Comparison of small variant calls to the phase 3 call set
(A and B) Number of SNVs (A) and INDELs (B) across the 2,504 samples in phase 3 and high-coverage datasets, stratified by AF bins and regions of the genome. Secondary y axis: % of autosomal phase 3 variants recalled in the high-coverage call set across SNVs (A) and INDELs (B) in easy and difficult regions of the genome. See also Figure S4C.
(C and D) Comparison of FDR across SNVs (C) and INDELs (D) between the high-coverage and phase 3 call sets, stratified by AF bins and regions of the genome. See also Figure S4B.
(E and F) Sample-level SNV (E) and INDEL (F) counts in the phase 3 versus high-coverage call sets, stratified by 1kGP super-population ancestry. EUR, European; AFR, African; EAS, East Asian; SAS, South Asian; AMR, American. Reported counts are at a locus level.

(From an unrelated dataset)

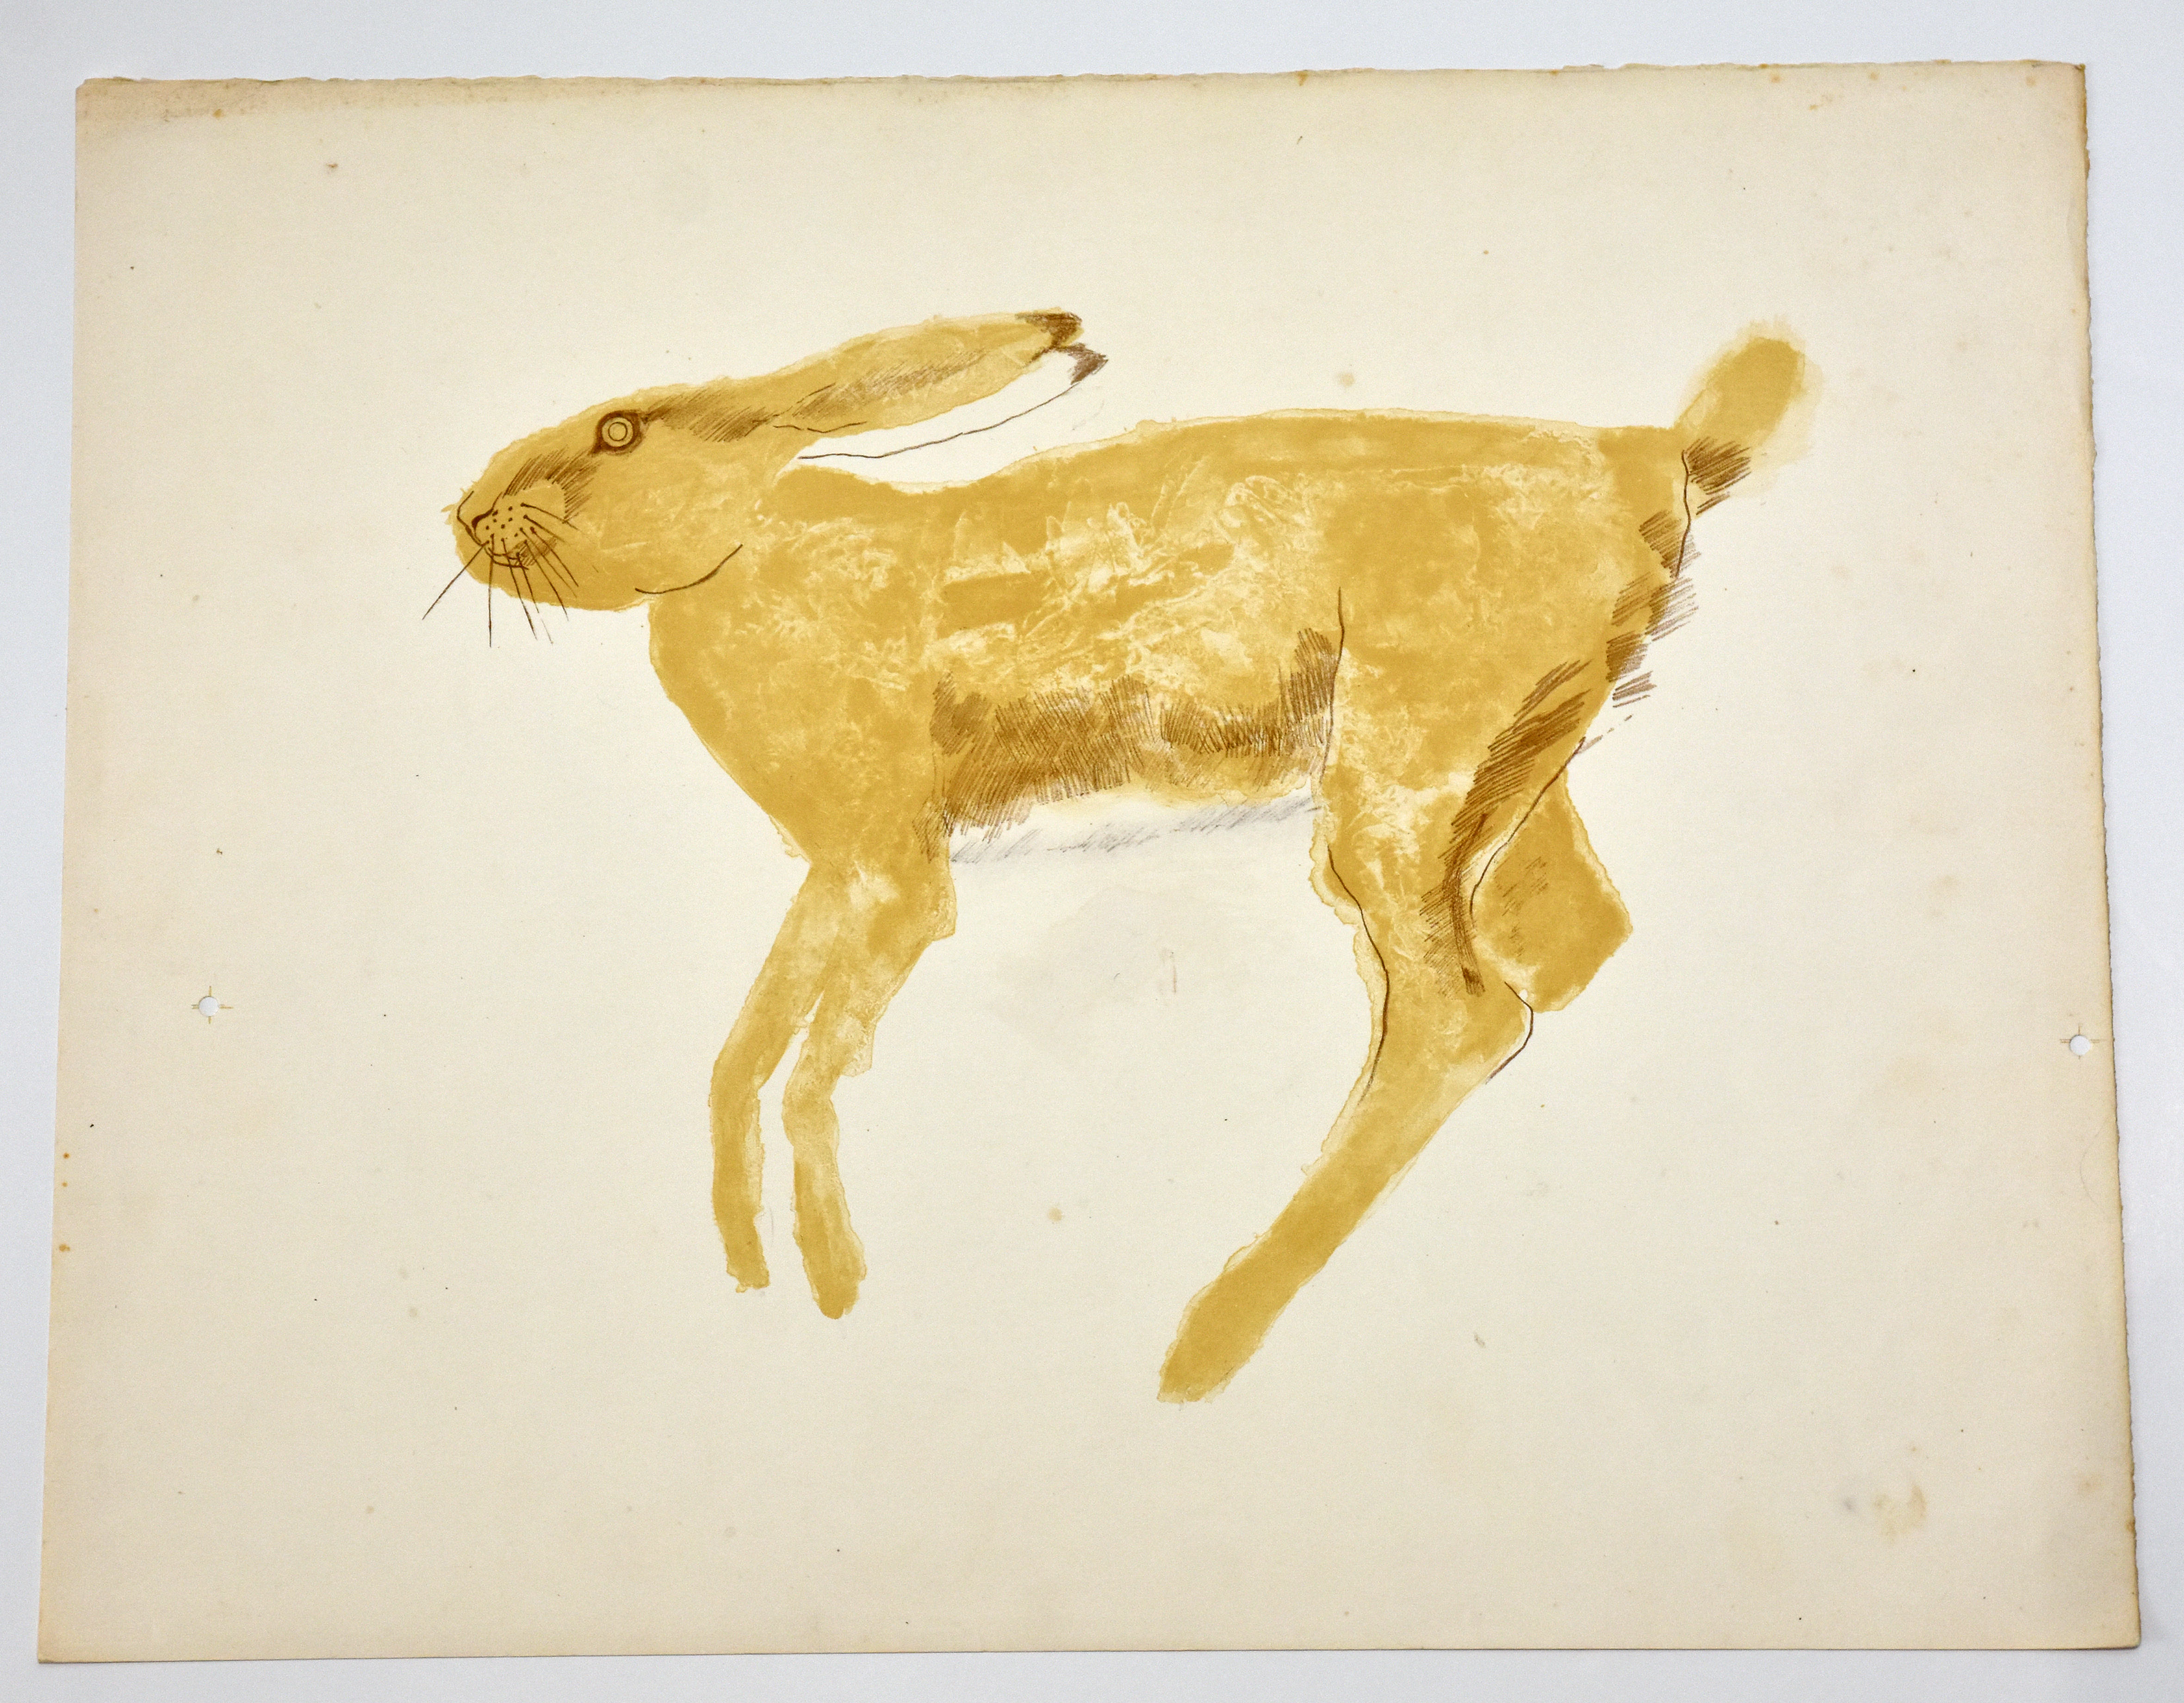 A lithograph print of a rabbit

(G and H) Comparison of predicted functional SNV (G) and INDEL (H) counts in the high-coverage versus phase 3 call set. Log2(ratio) denotes ratio of variant counts in the high-coverage versus phase 3 call set. Top row: cohort-level comparison. Middle row: sample-level comparison. Bottom row: comparison of FDR. Red asterisks mark categories with fewer than 100 sites in sample NA12878 (i.e., categories where FDR estimation is less reliable). See also Figures S4D and S4E.
FDR in (C), (D), (G), and (H) was estimated based on comparison of calls in sample NA12878 to the GIAB truth set v3.3.2. (A), (B), and (E–H): chromosomes (chr) 1–22; (C) and (D): chr1–22 and X.